Updated: May 15
Chapter 1 – Into the Inferno
I’ll never forget the moment he came walking back into my life. I was lying on a thin mattress in my cell at the Orleans Parrish Prison. It was a less than festive atmosphere for spending Christmas Eve. I had just been contemplating how my life couldn’t get any worse when a guard announced that I had a visitor. I laughed out loud. Perhaps he’d poured himself some Christmas cheer and was feeling merry. He was known as the drunk of the cell block, but I didn't mind as he was at least a happy drunk. If your going to be under another man's charge, I prefer intoxicated and happy to brooding and athletic.
“No joke, old sport,” a voice replied. I hadn’t been called old sport since I was ten years old. I turned and looked up. A cold shiver ran through my veins. Everyone had heard how the great Sherlock Holmes had disappeared over the Reichenbach falls. My Uncle, the great John Watson had been devastated beyond measure. But the famed detective stood before me now, studying my pathetic state through the bars. I blinked, thinking him to be an apparition, but he didn't vanish as I almost expected he would. His gray eyes stared with a somber expression I couldn't read. It wasn't pity or disappointment. No. It was something else. Something deeper.
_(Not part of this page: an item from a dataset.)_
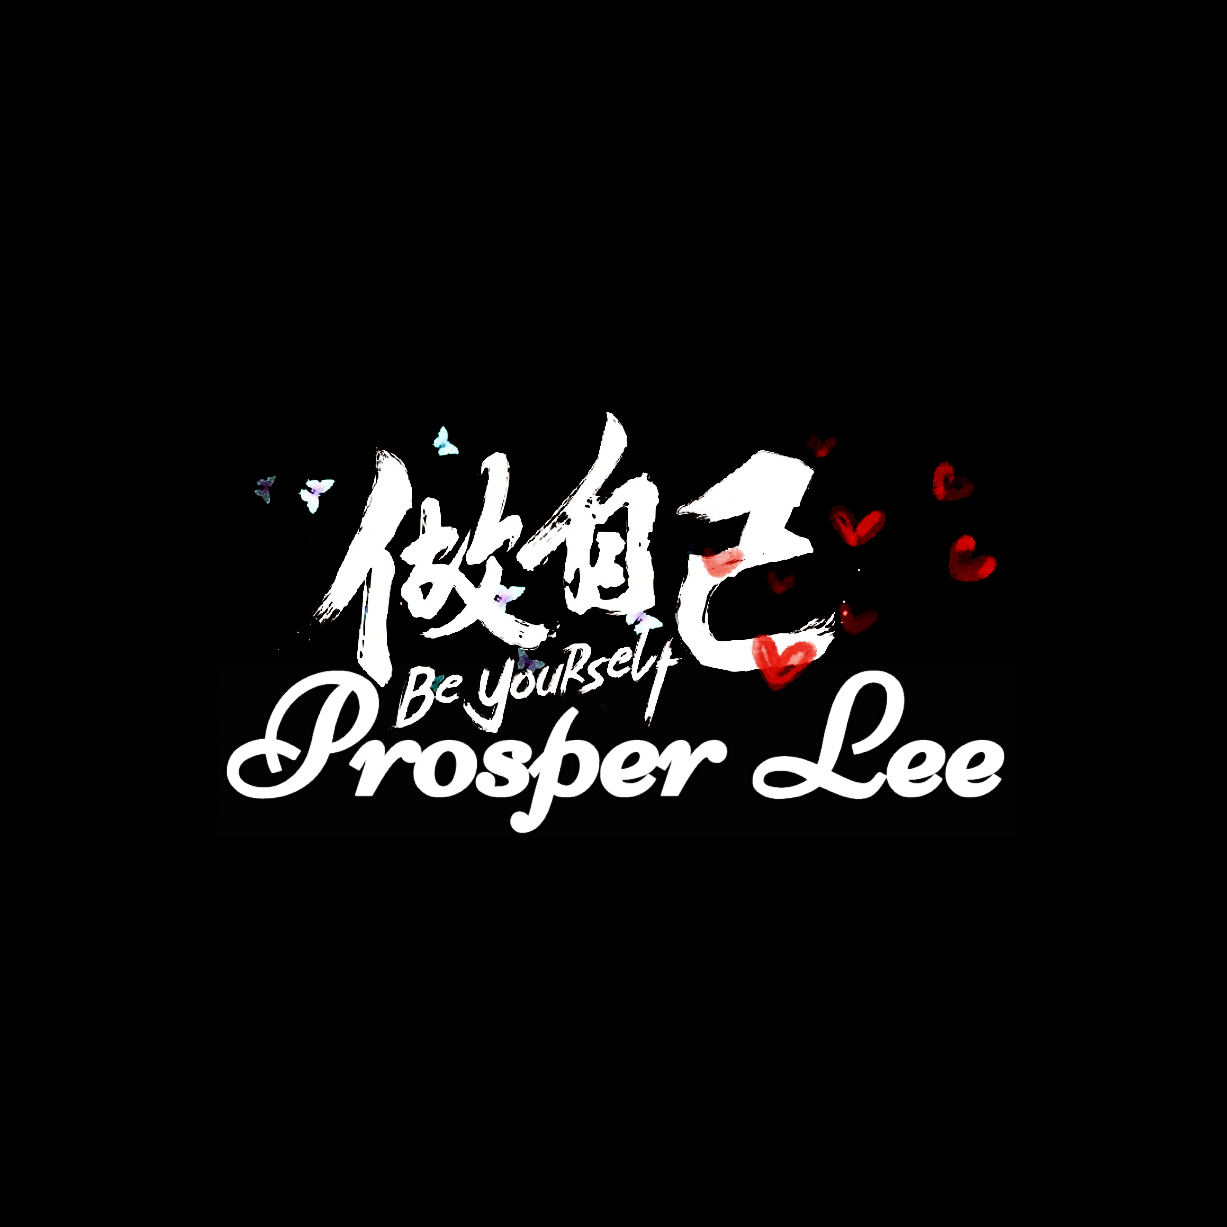 Prosper Lee

“It’s a Christmas miracle,” the guard said. “Mr. Deveraux has come to bail you out.”
“Is that so,” I said. “I must say I’m surprised to see you, er Mr. Deveraux.”
“I have no doubt,” he said with a grave smile. “What do you say we get out of this place?”
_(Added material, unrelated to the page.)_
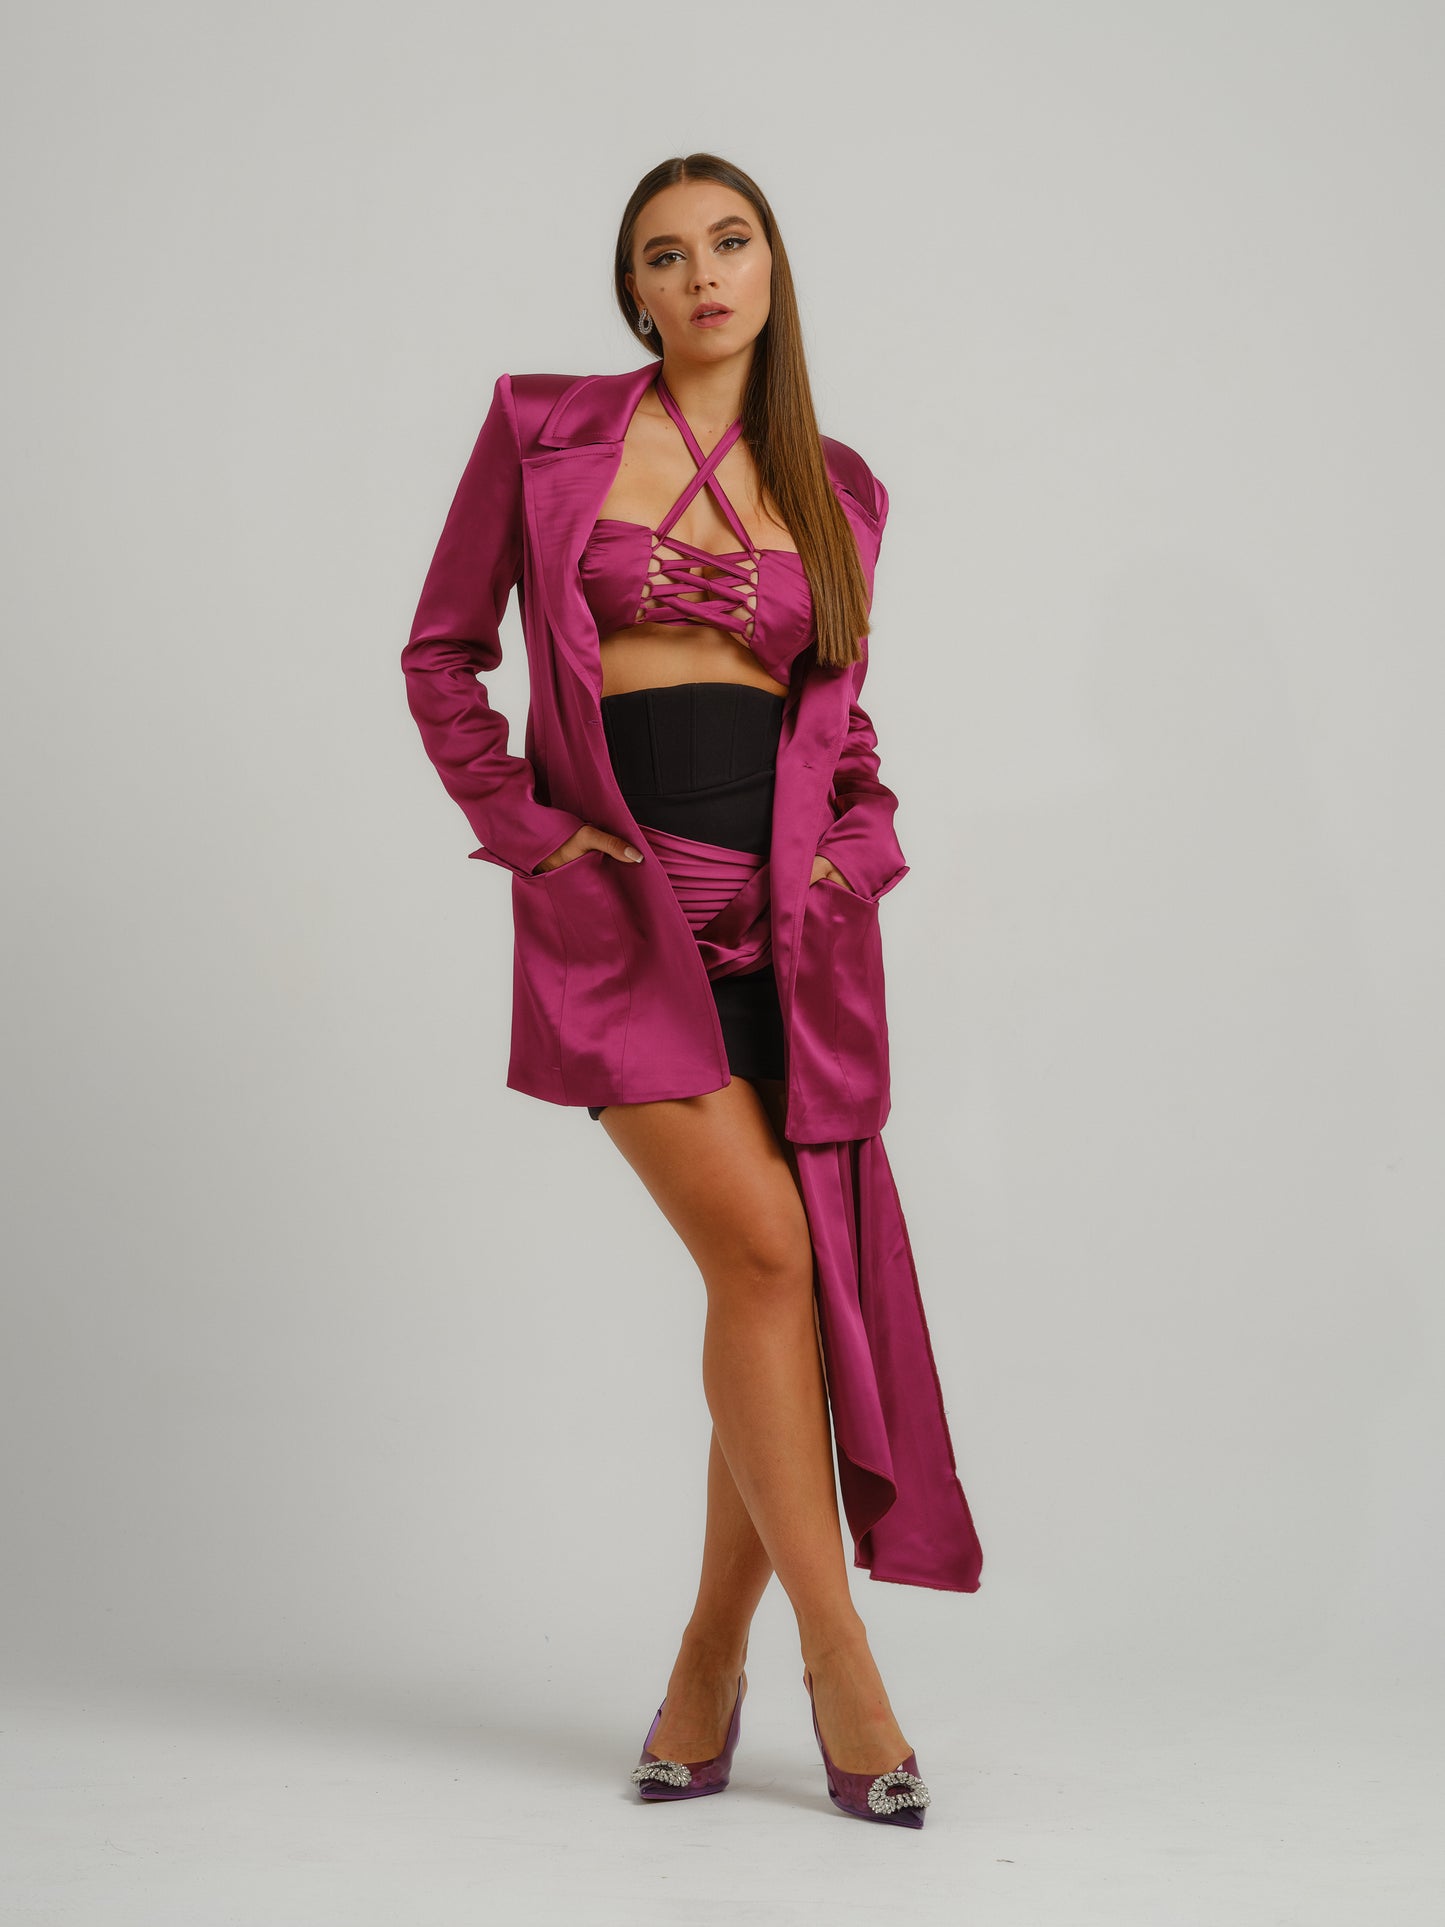 Midnight Sky Hourglass Blazer - Magenta Haze by Tia Dorraine Women's Luxury Fashion Designer Clothing Brand

“I’m all for it,” I said, getting up. To my utter amazement the guard put a key in the lock and opened the cell door. I thought that surely this was some sort of cruel joke.
“I thought I had to stay until my hearing,” I said. Sherlock shot me a look, as if to say I should keep my mouth shut.
“Turns out it was all a big misunderstanding,” the guard said. “Mr. Deveraux has cleared up the matter to the Judge’s satisfaction.” He patted his pocket and smiled. I assumed this meant that he had received his own Christmas bonus. I shouldn’t have been surprised. It was only a few months since a lynch mob had stormed this very prison and taken justice into their own hands. Not one of them had been tried. New Orleans was a city that made its own rules. A fact that had never once been on my side, but my luck seemed to be changing, or so I thought.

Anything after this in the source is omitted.